The Batllist plan was organized around six major reforms. First, economic reform was based on the nationalization of strategic sectors and industrialization through protectionist legislation. Second, social reform centered on "critical support" for unions, "protective" social legislation for workers and other philanthropic measures. Third, rural reform was aimed at the gradual elimination of large ranches, the promotion of a more balanced and automated livestock industry, and the transformation of rural poverty. Fourth, fiscal reform sought tax increases for the wealthy, a decrease in taxes on consumption, the use of economic pressure as an instrument of social justice, and the stimulation of economic development. Fifth, moral reform promoted the concept of a cosmopolitan nation, secular politics, and various feminist principles. Finally, political reform promoted public debate and supported proposals that the executive branch be organized in a collegiate system.

Not all of these reforms came to fruition, due in some cases to strong opposition and in others to ambiguity among the Batllists themselves. Also, proposals for political reform did not include essential democratic changes that the opposition demanded, such as the secret ballot, proportional representation, and guarantees against electoral fraud. The essence of the reform plan was implemented before the democratization of the political system, which occurred with the second constitution in 1919. Batllism suffered a defeat in the decisive elections of 30 July 1916 for members of the National Constituent Assembly. Batlle's successor to the presidency, Feliciano Viera, adopted the so-called "halt politics," which drastically decreased proposals for reform. From 1916 to the end of the 1920s, the predominant atmosphere in public policy favored putting the brakes on reform. Batllism gradually lost its political initiative and strength.

THE LAST YEARS

Although with less power than earlier, Batlle y Ordóñez continued to be politically active throughout the last years of his life. He was one of the fundamental backers of the political accord from which sprang the new constitution. In 1921 and 1927 he served briefly as president of the National Council of Administration, the central component of the new collegiate executive branch. He was a major force behind the effort to attain electoral unity among distinct Colorado Party factions. He made exhausting tours of the country, seeking grassroots support for his reforms, and until his death he led the often acerbic debates in the inner recesses of the Colorado Party. Even in the midst of political uproar, he constantly promoted political debate from the pages of El Día.

Batlle y Ordóñez died just a few days before the great stock market crash on Wall Street. The Great Depression had its effects on Uruguay, among them putting a halt to a good part of the reformist projects of Batllism. Most of the first three decades of the twentieth century in Uruguay are referred to by historians as the Batllist Era. Whether in a spirit of polemic or agreement, the ideas and symbols associated with Batlle y Ordóñez remain present in the Uruguayan public debate.

See alsoUruguay, Political Parties: Colorado Party .

BIBLIOGRAPHY

Milton Vanger, José Batlle y Ordóñez of Uruguay, the Creator of His Times, 1902–1907 (1963) and El país modelo (1983).

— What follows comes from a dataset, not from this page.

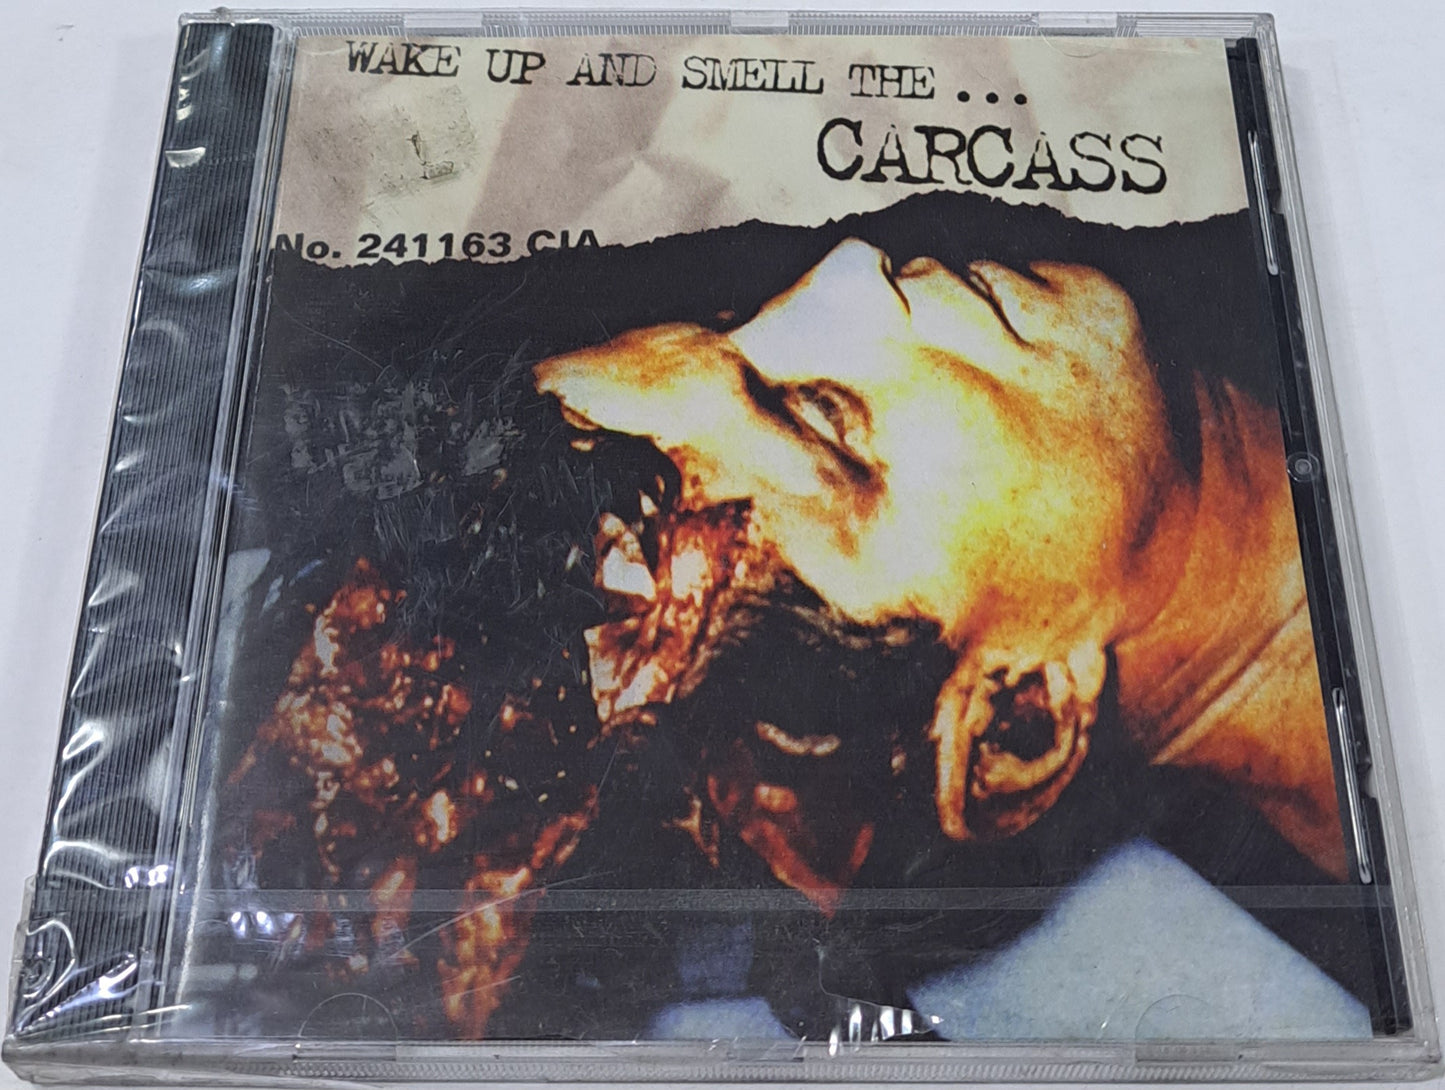 CARCASS - WAKE UP AND SMELL THE CARCASS  CD

Carlos Real De Azúa, El impulso y su freno (1964).

Göran Lindahl, Batlle, fundador de la democracia en el Uruguay (1971).

José P. Barrán and Benjamín Nahum, Historia rural del Uruguay moderno, vols. 5-7 (1977–1978), and Batlle, los estancieros y el Imperio Británico, 8 vols. (1979–1987).

Carlos Zubillaga, El reto financiero: Deuda externa y desarrollo en el Uruguay, 1903–1933 (1982); El primer batllismo: Cinco enfoques polémicos (1985); Raúl Jacob, Modelo batllista: ¿Variacíon sobre un viejo tema? (1988).

Gerardo Caetano, La República Conservadora, 1916–1929, 2 vols. (1992–1993).

Additional Bibliography

Buscio, Jorge. José Batlle y Ordoñez: Uruguay a la vanguardia del mundo. Montevideo: Editorial Fin de Siglo, 2004.

Peluas, Daniel. José Batlle y Ordoñez: el hombre. Montevideo: Editorial Fin de Siglo, 2001.